From a "bond" type fund perspective, my account is better off earning money from consumer (i.e. me) interest.

Anonymous said...

ok, to throw another wrinkle in the mix: what if my employer matches 401k contributions (up to 4%). Wouldn't that effectively cut the net "cost" by 4%?

Paul said...

not sure I understand how employer contributions effect your loan. For my account, I don't believe I can withdraw employer contributions as a loan.

Anonymous said...

I am seeking advice on this topic. Thank you in advance for opening this up. Basically, if you were in my shoes, what would you do?

I have an 80/20 loan on my mortgage. $148,000 w/ one lender. $30,000 with another. My wife has a $12,000 college loan and I have a $15,000 college loan. We have a $5,000 line of credit. My wife doesn't work.

I'm considering borrowing against my 401K to pay off one of these loans because things are really tight right now. Because the 20% mortgage is at 7% interest and $255/mo., I've considered borrowing money to pay that off. Would I be allowed to pay this off in 10 years?

Otherwise, paying off the college loans is enticing because they currently total $330/mo for both college loans.

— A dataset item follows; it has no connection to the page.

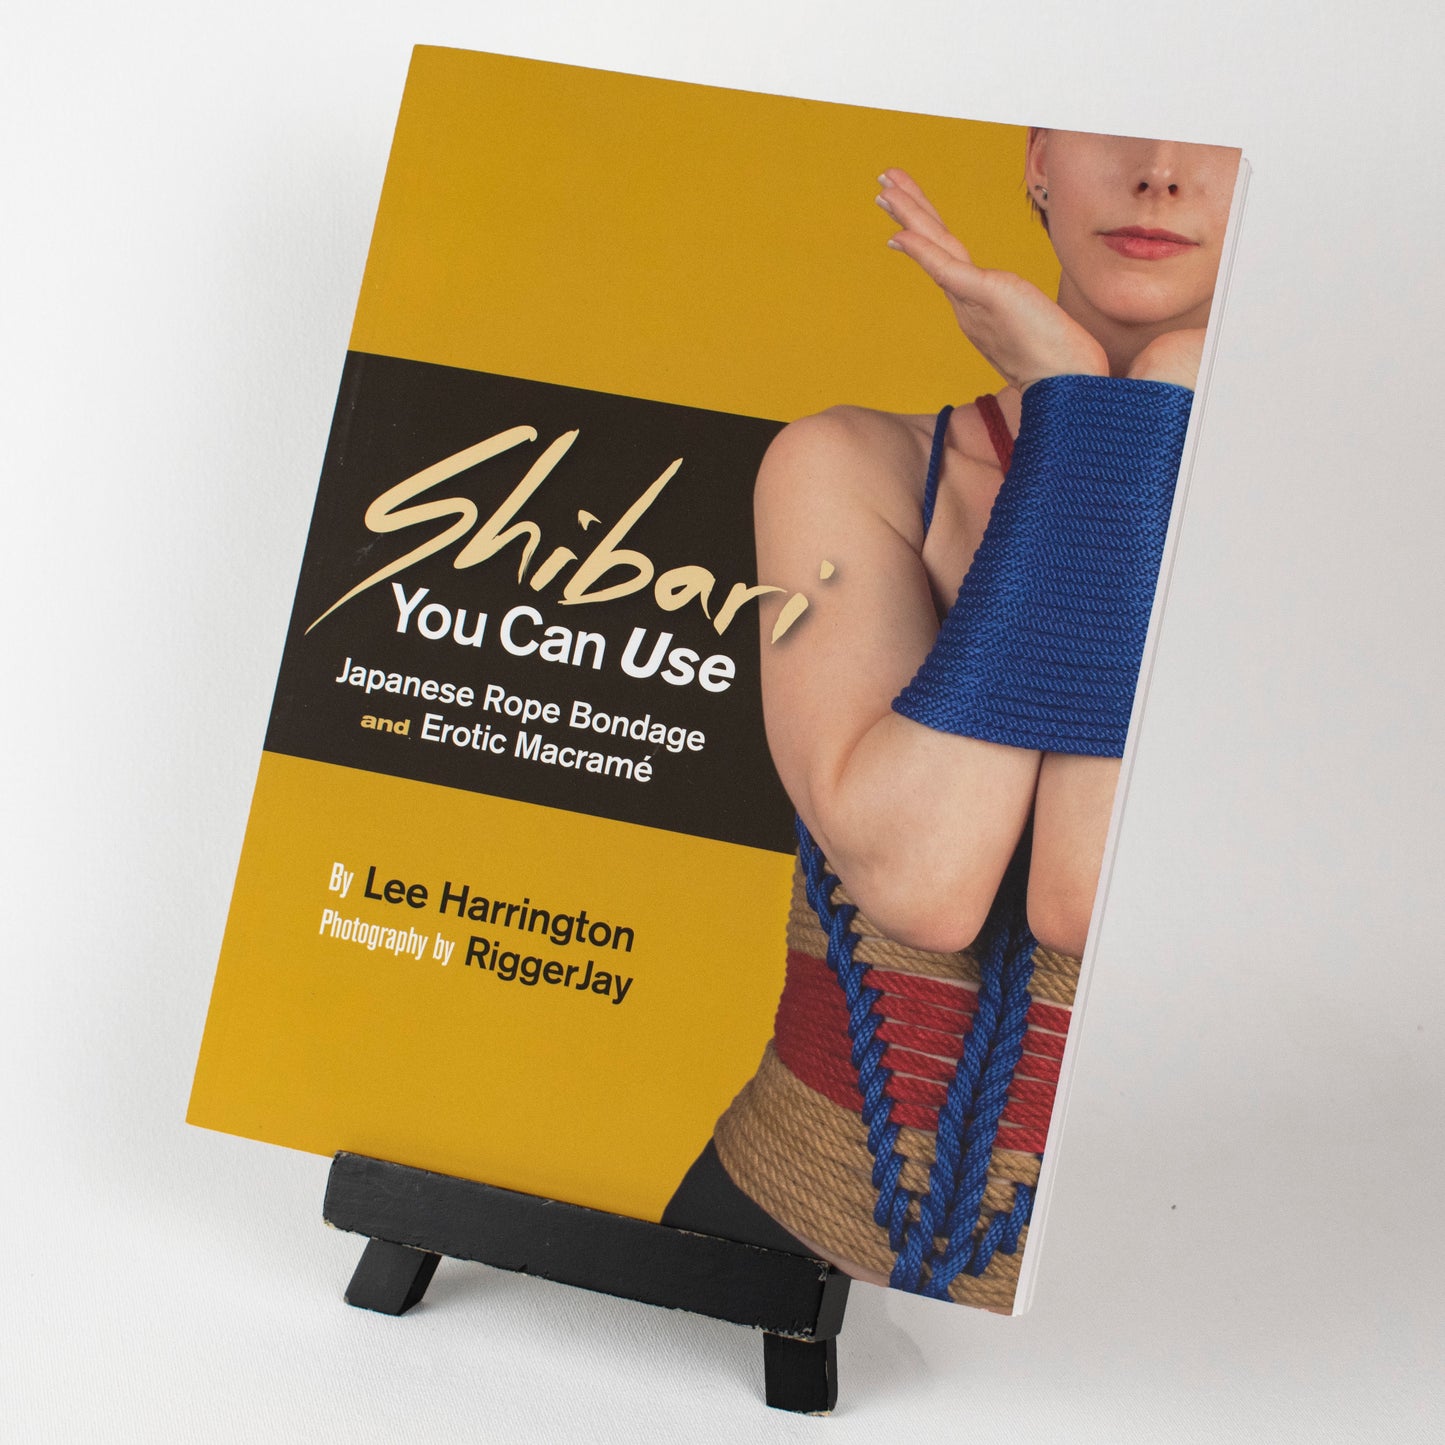 Book – Shibari You Can Use – by Lee Harrington  - English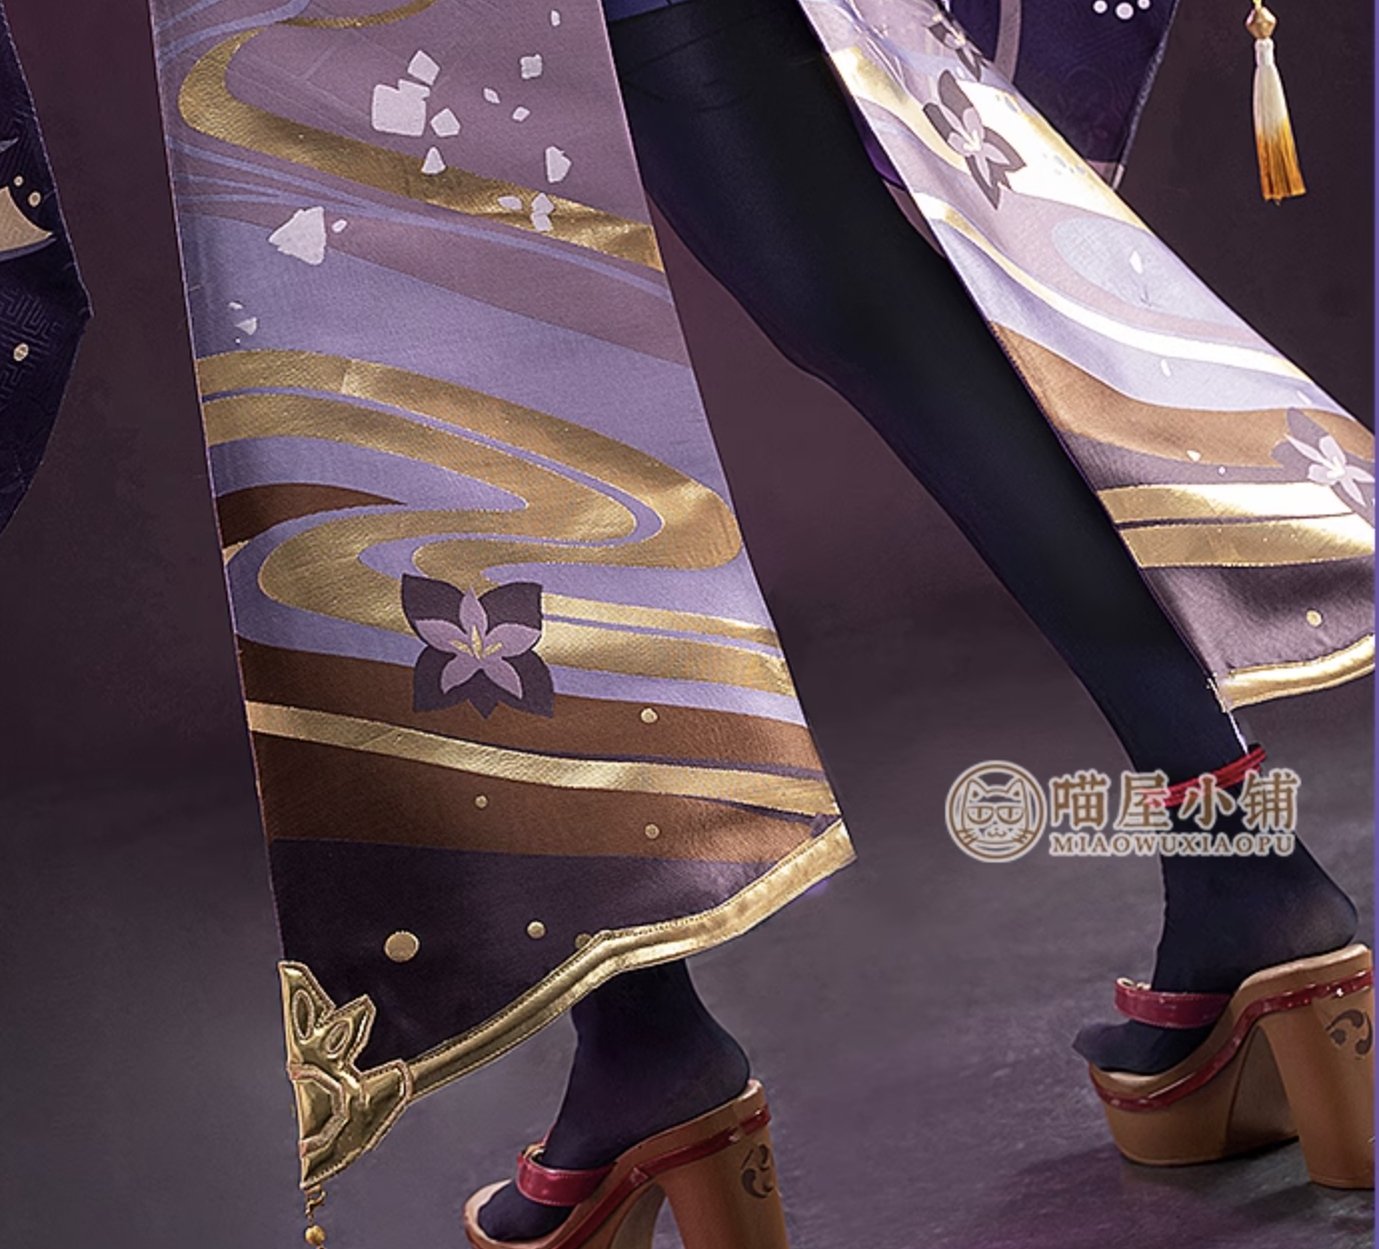 Genshin Impact Raiden Shogun Cosplay Costume Suit 15452:453981

However, if I borrowed $30,000 from my 401k, what would my monthly payments look like? Would it still be around $300/mo?

Thank you.

Paul said...

I don't know if all 401k's are the same but for mine you can only get a 10 year term for the purchase of primary real estate, otherwise you have a 5 year term. I don't think you could get a better interest rate or terms than you have for your second now. If you wanted to pay off college loans you could only get a 5 year term and the interest rate might be higher than you have now.

ADCPA said...

I have been a CPA for 27 years and Personal Financial Specialist( a designation earned through the American Institute of CPAs) for 10 years. I agree with Paul on every count. If you are going to be paying a bank or other lending institution 7% anyway, why not pay yourself. You will be paying any loan with after tax dollars so I don't think that is relevant. If you opt to borrow at 7% from another source other than your 401k and your 401k appreciates 7% than you are in the same boat as if you had borrowed the money from your 401k in the first place so the argument about paying with after tax dollars being a negative doesn't hold water. If the loan is not collateralized by the home then it is not considered home equity indebtedness and is not deductible as such. If the proceeds are used for another purpose, such as investing in stocks or bonds, then the interest might be deductible as investment interest or some other type of interest which is probably beyond the scope of this discussion.
Hope that helps.

Anonymous said...

Hello, I am also considering borrowing against my 401K to help alleviate some of the stress caused by this economy. My credit cards are at maximum and my Mortgage is high and set to reset in October. I can't get a personal loan to pay down or consolidate some of this debt. I only have about $18,000 in the plan. Yes I am a youngster. Does it make sense to borrow like 5,000 now and place most of that back during Tax time?

Paul said...

Wow - this looks like the worse scenario to take out a 401k loan in my opinion.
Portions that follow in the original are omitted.